Agnsty, Not Only for Poets and Teens

I love that word. When I looked it up, I found this definition in the Urban dictionary:
Generally it involves the feeling of not being understood by anyone and that the person is alone in the world.
The Merriam-Webster free online dictionary has this nugget:
feeling, showing, or expressing anxiety, apprehension, or insecurity
My teens are in the former group, which makes total sense, because, well, they're teens. I'm in the latter group, my guess is because I'm neither a poet nor a teen (although there are times when I act like one). Anxiety and its cohort, depression, have been my companions for quite some time. Probably about the time I started infertility treatments. (I am blessed with three amazing kids. More on that story, later.) However, anxiety and depression have been particularly present in the last few years. Probably about the time insulin resistance reared its ugly head, unbeknownst to me. The good news is, now things make sense in ways that baffled me before. The bad news is, I must take better care of myself. I mean, you know, like put myself first sometimes. How bad can that be?

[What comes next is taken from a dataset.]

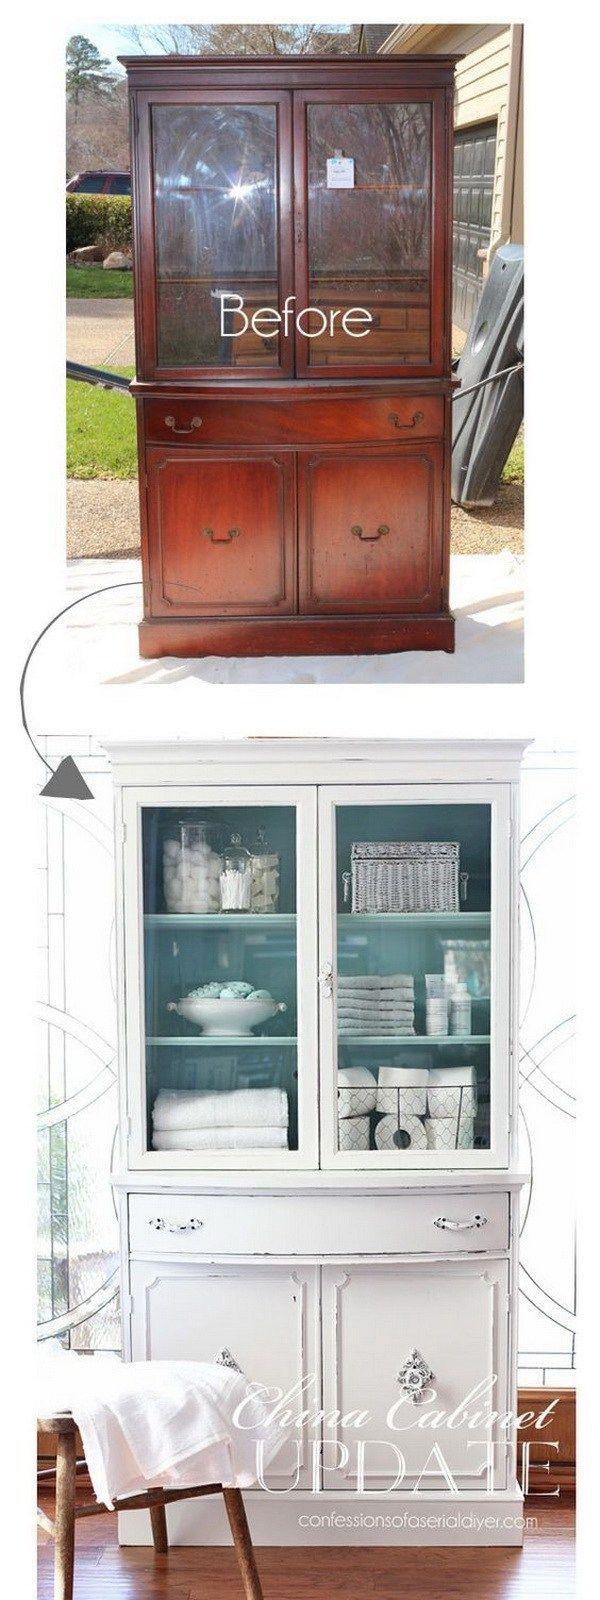 Mejores 3708 Im Genes De Shabby Chic Furniture En Pinterest  # Muebles Gastados

I'm curious, though. How much of my anxiety and depression are health related? As I ease into a healthier lifestyle and continue to put myself first in positive ways, will my depression and anxiety lessen? Will I be in a position where I can cut back on my "happy pills?" These are questions I hope I'll have answers (in the affirmative) to in the near future. It looks like, by continuing down the path of eating healthy and exercising, I could very well reverse insulin resistance and its unsavory symptoms in about a years time. I tend to be a rather goal-oriented individual, so of course I'm writing the goal of eliminating the whole prediabetes thing in gold letters on my bucket list.

I have found that sleeping better, thanks to the CPAP machine, has improved my over-all state of being. I'm positive that exercise is also responsible for helping smooth out my rough edges. Therefore, it must be possible that eating well, and managing or eliminating the massive levels of insulin wrecking havoc on my body, may very well contribute to reducing my angsty depression, as well.

That's my story, and I'm stickin' to it.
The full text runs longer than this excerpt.